This desperate art within, trying to claw a foothold inside the disintegrating reality of pixelated cultural logic.
“I am for all time buyer and creator in a limitless gallery…”
The meme-artist. Art no longer resolves in meaning.
It loops in gesture, echo, transmission. It’s all screenshot now. Art is not to be understood.
Art is to be exported.
Pinned. Muted. Saved to Recents.
"hi"
I am waving at the void. Not to say hello, but to prove I’m still here.
“FATHER HELP HIM HE NEEDS GOD”
“no, he needs his charger.”
The final turn in the rotation, the axis of the modern creator.
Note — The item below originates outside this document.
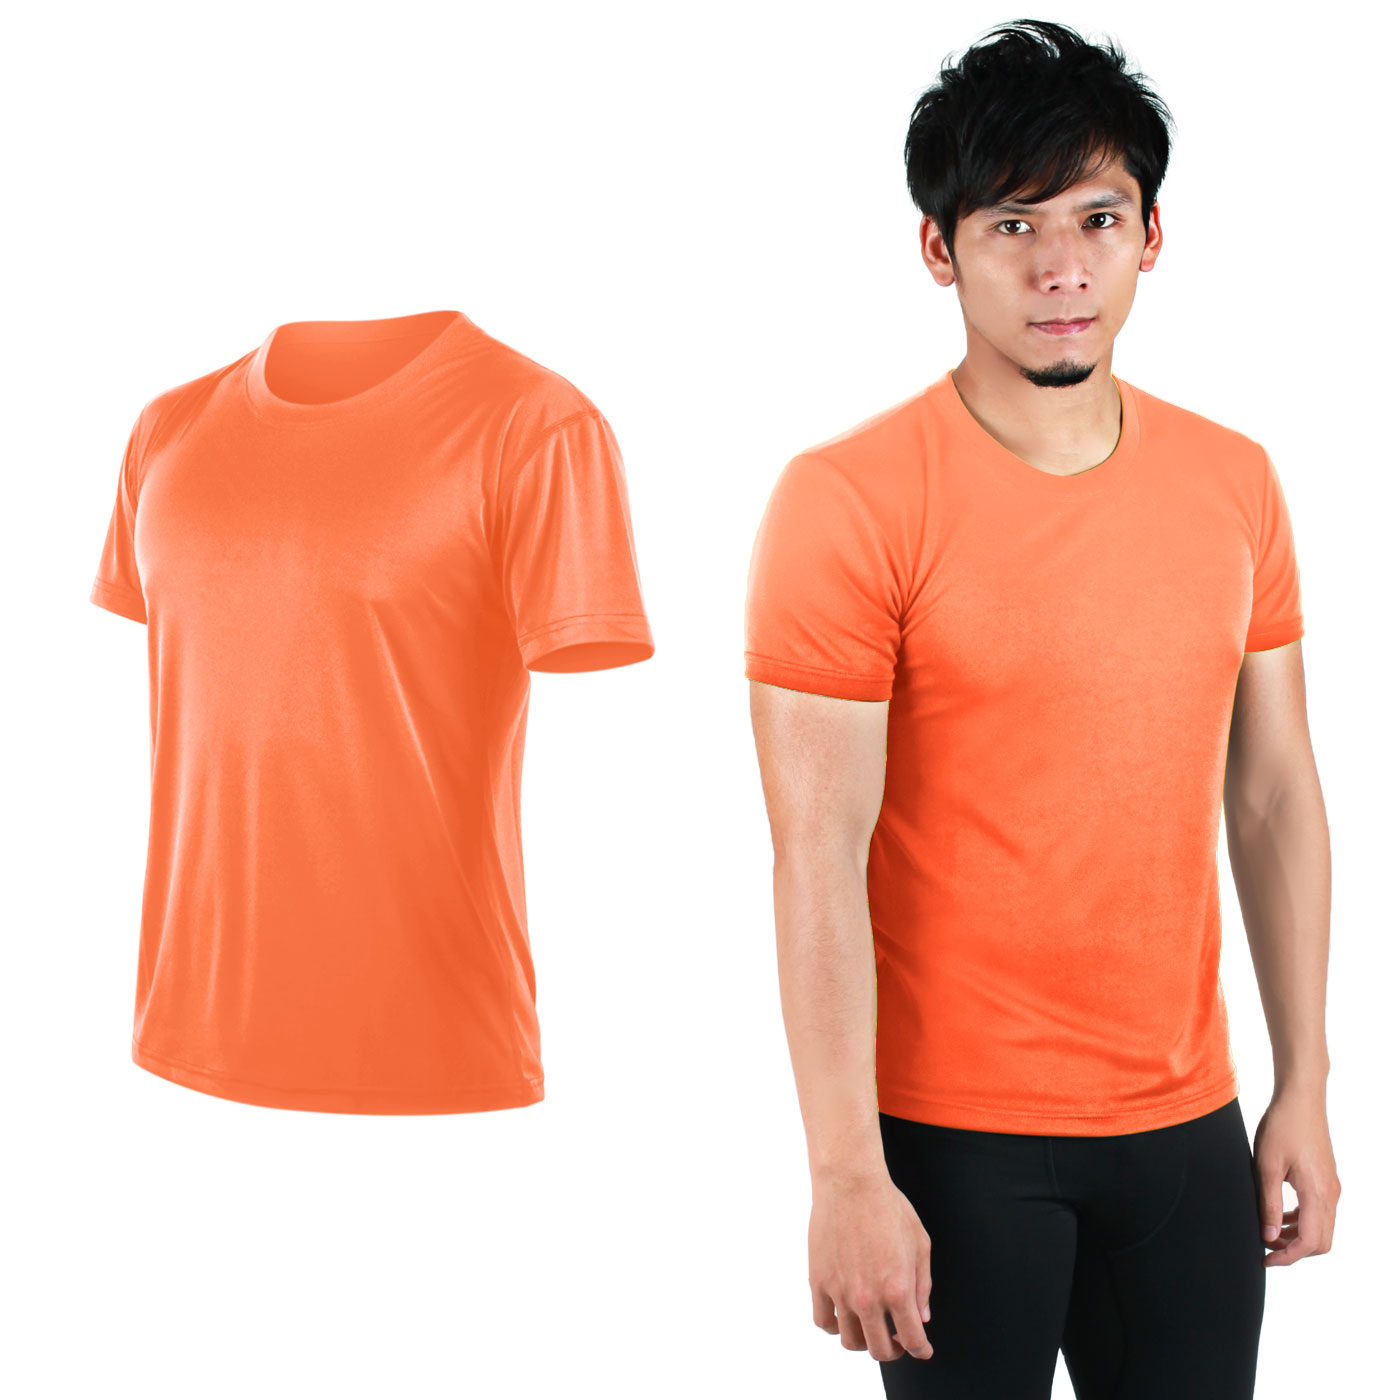 HODARLA FLARE 100 吸濕排汗衫3108301 - 螢光橘

Deleted transcendence.
Just 5% battery and one last chance to post before the lights go out and you force yourself to sleep.
Chapter 17
Poems from a Deleted User.
Surprise, another betrayal of structure.
Medusa as a double-mouthed apology that cannot be made without also undoing the self who utters it.
“mourning,”
but it’s not mourning like grief after death. It’s mourning like someone begging the corpse to resurrect so they can re-do the killing better. Slower. With more elegance. With more “remorse.”
Bring the dog! Remember the spine? The baby is here! Call the cops.
And isn’t that the point of this chapter?
“Add more remorse.”
A prompt typed by a guilty god into the system it pretends not to be. The narrator isn’t a person anymore.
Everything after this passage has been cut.